O duo mãe e filha passou em frente aos Cascade Steps. Lilian não conseguia tirar os olhos da instalação de luzes que fazia jogos de cor num incessante galgar de degraus — o que levou a um automático aviso da mãe, prevenida por situações anteriores:
— “Olha para onde vais!”
Lilian escapou-se àquele que não seria o primeiro trambolhão.
— “Broad Quay, Broad Quay…”
Oiço o aviso de Emily, mas não faço a mais pequena ideia do que tal possa ser.
No entanto, o comando atinge em cheio o seu pequeno destinatário, que ajusta o sentido da corrida, aponta a agulha para uma ciclovia ali perto e zás — afastam-se rapidamente.
Não sei o que eu poderia estar a pensar, mas foi tudo muito repentino.
Parecia que este par singular não me deixaria outra solução para saber para onde iam, senão terminar de fotografar e levantar voo, movido pela ânsia de acompanhar a história.
A realidade e o pragmatismo da força gravitacional, que me prendia ao chão com os meus 95 kg, limitaram-me a imitar esta sábia e indulgente pequena criatura — e também comecei a correr.
Maldita indecisão de uns segundos que me fez perder de vista o par insólito.
Tinham desaparecido junto ao rio, sob a proteção da falta de iluminação, e quase pensei em desistir da minha perseguição.

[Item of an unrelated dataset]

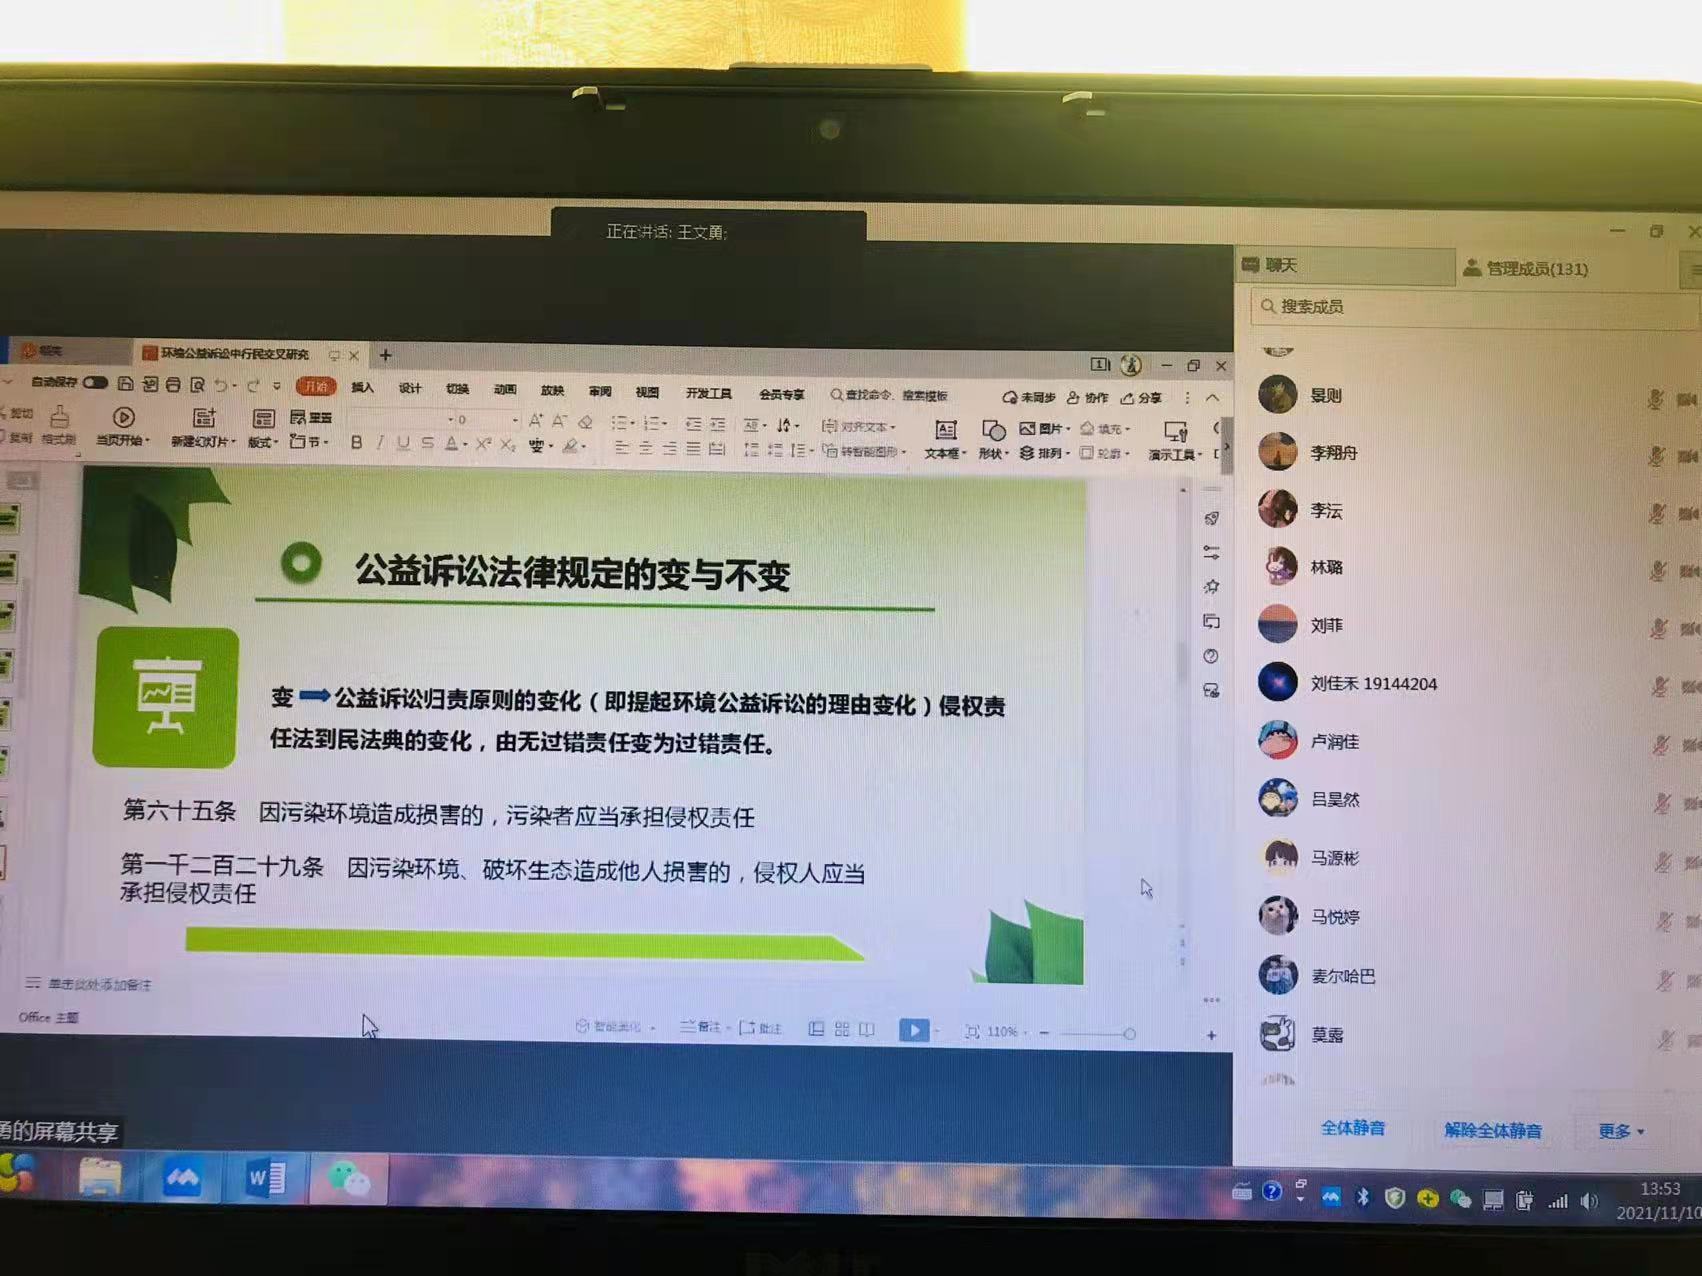 绿会法律顾问在北京工业大学做公益诉讼报告3.jpg

À minha frente, mas algo distante, uma rua iluminada prendeu-me o olhar. Era a estrada que dava acesso à Prince Bridge e que passa para a outra margem do rio Avon.

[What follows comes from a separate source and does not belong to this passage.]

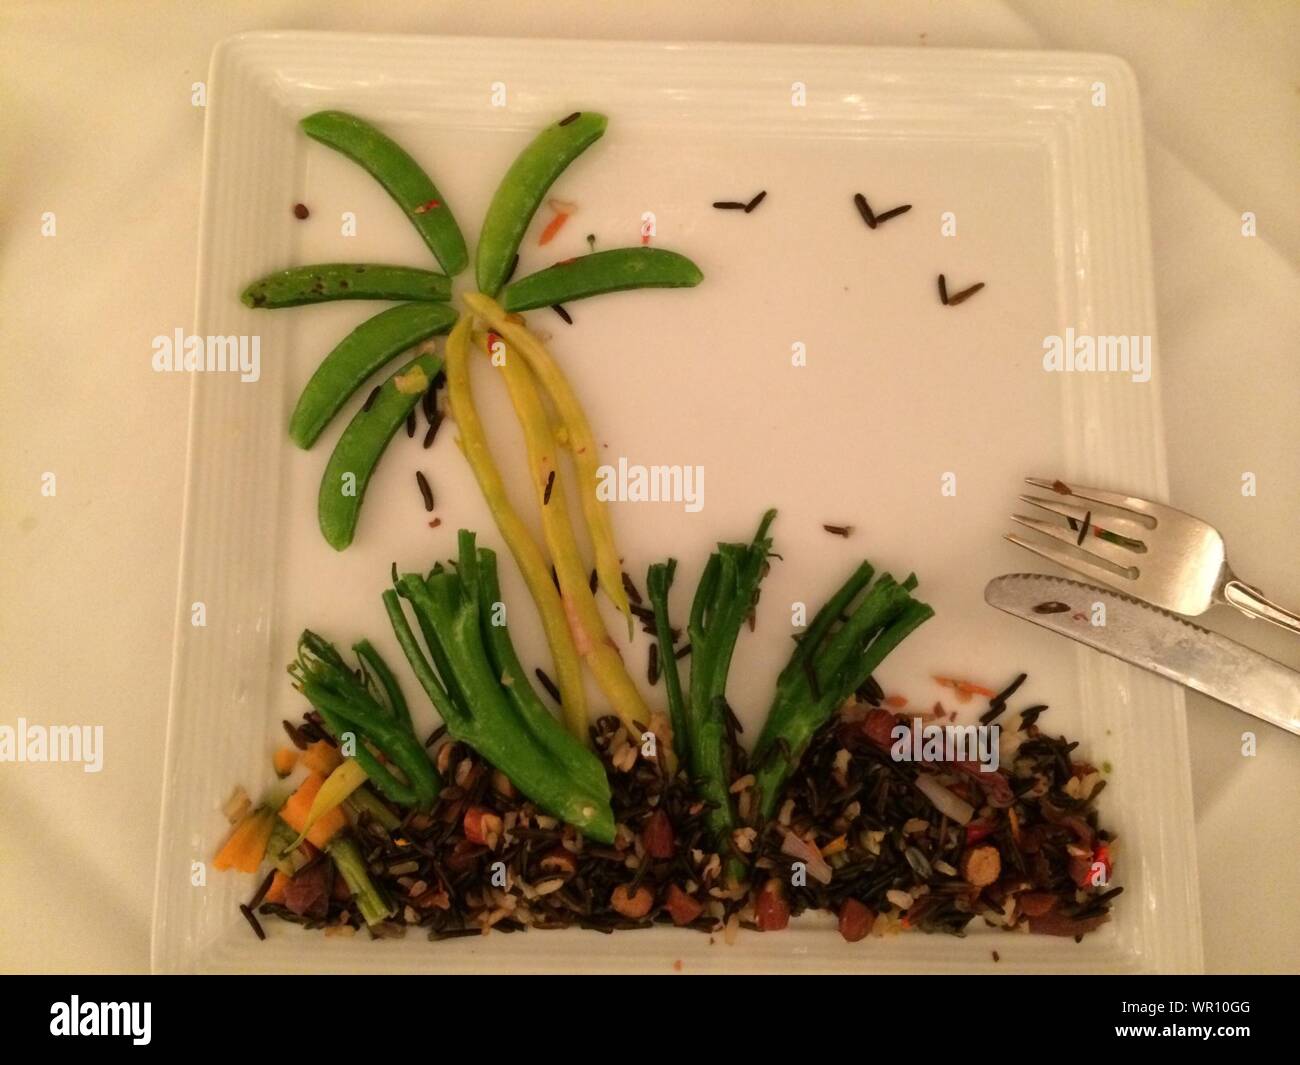 Las verduras en la placa dispuestos como Isla tropical Foto de stock

Entre mim e essa estrada, havia o espaço de rio  em “U”, formado pelo contorno de uma doca, o que tornava a ponte inacessível em tempo útil. Foi o remate final para que eu me desse quase por vencido.
Mas só quase.
Foi então que, na tal rua iluminada, no meio do amontoado de gente que passava de um lado para o outro, consegui ver um pequeno barrete cor-de-laranja que corria por entre as pernas dos transeuntes e a minha esperança voltou a brilhar.

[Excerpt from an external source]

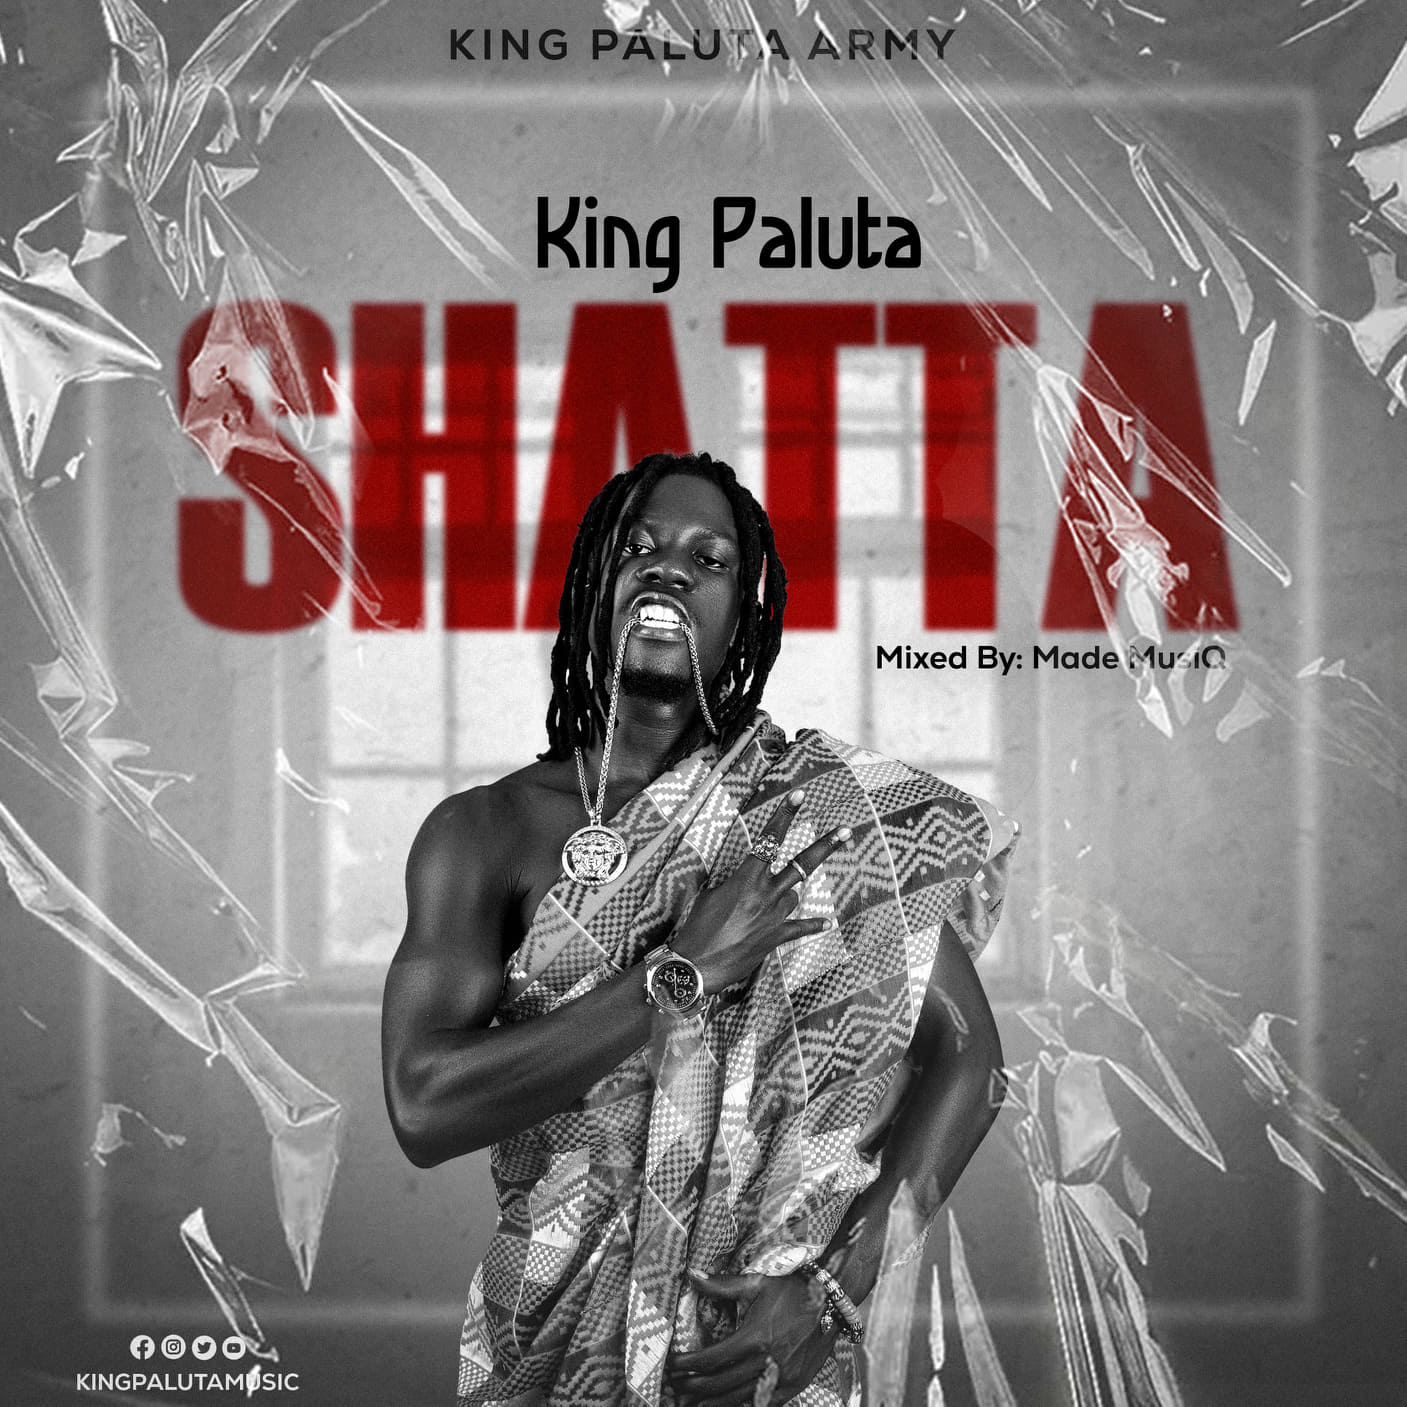 King Paluta
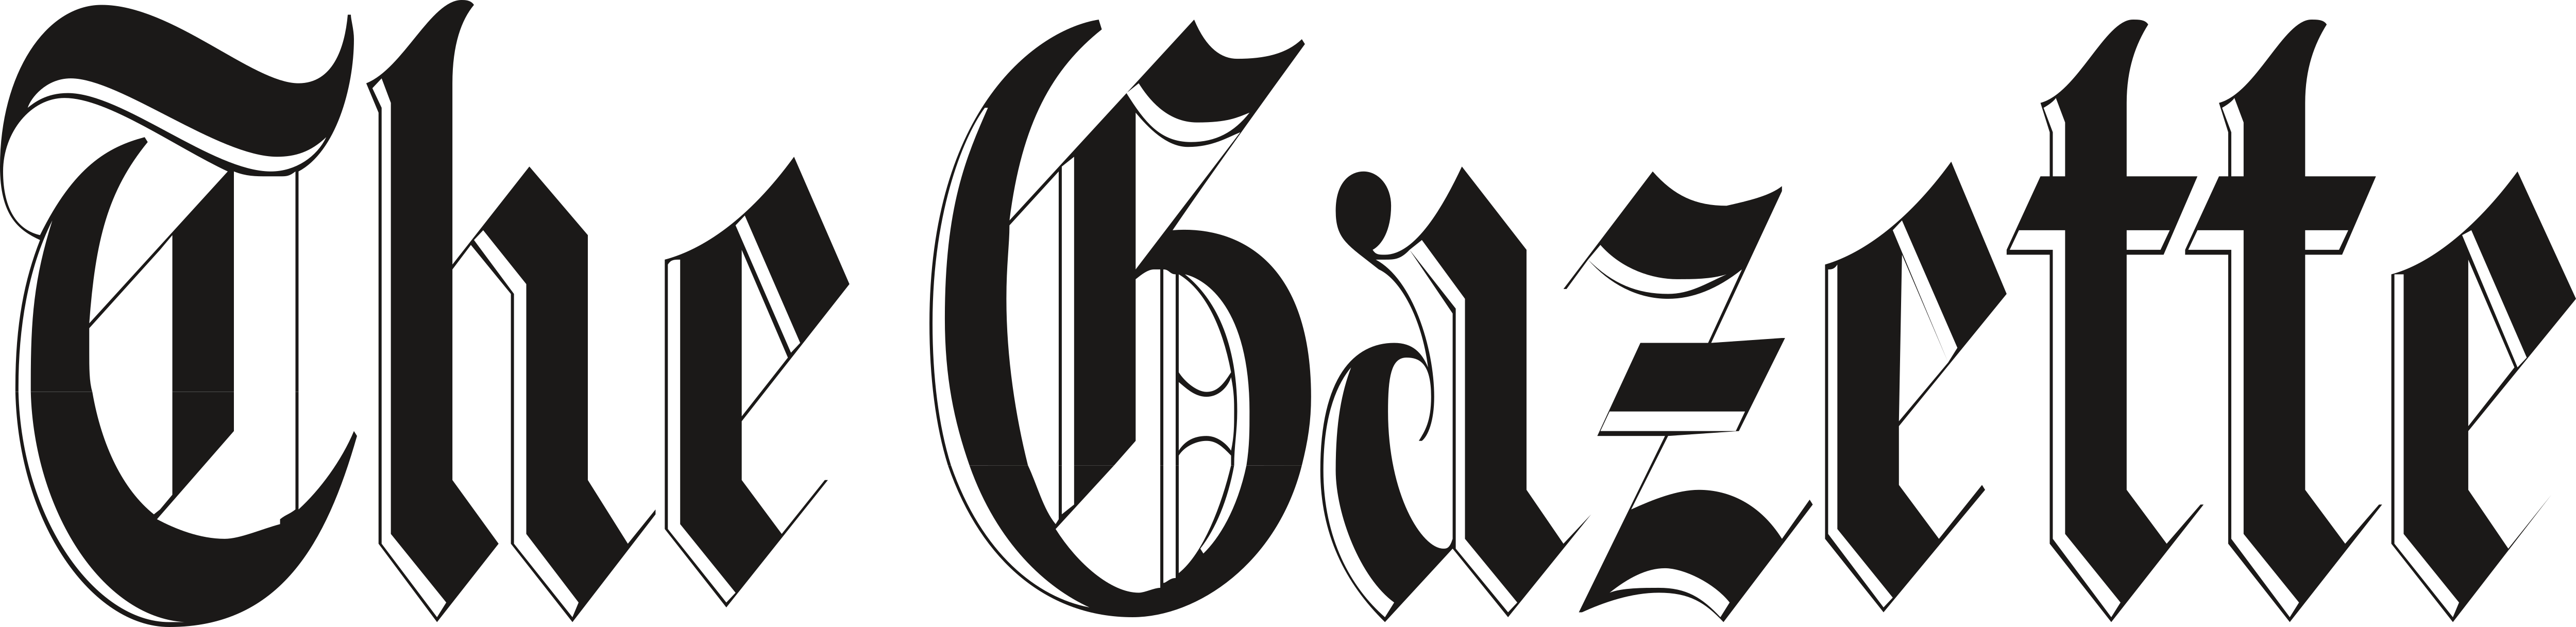 The Gazette Newspaper Logo

Lilian, de braços abertos, como se fosse uma avioneta, corria, voava, dando fortes guinadas de asa e evitando obstáculos gigantes que, tal como ela e a mãe, talvez também regressassem a casa após um dia de trabalho.
O som da cidade misturava-se com os estalidos aquáticos do rio, e a minha imaginação preencheu o som que faltava.
Consegui ouvir um “vvruuummmmm” saído de uns lábios de criança, projetando gafanhotos à sua volta.
Atrás do pequeno avião imaginário, e à distância de apenas um ou dois segundos, como uma sombra protetora, vi a mãe ciclista que, com a sua cria, desapareceu do meu olhar confundindo-se de vez com a população.
Só o posso continuar a imaginar o fim do dia dessa família.
Porque, o fim desse meu dia, já estava mais quente pelo carinho da cena que, mesmo não sendo minha, partilhei.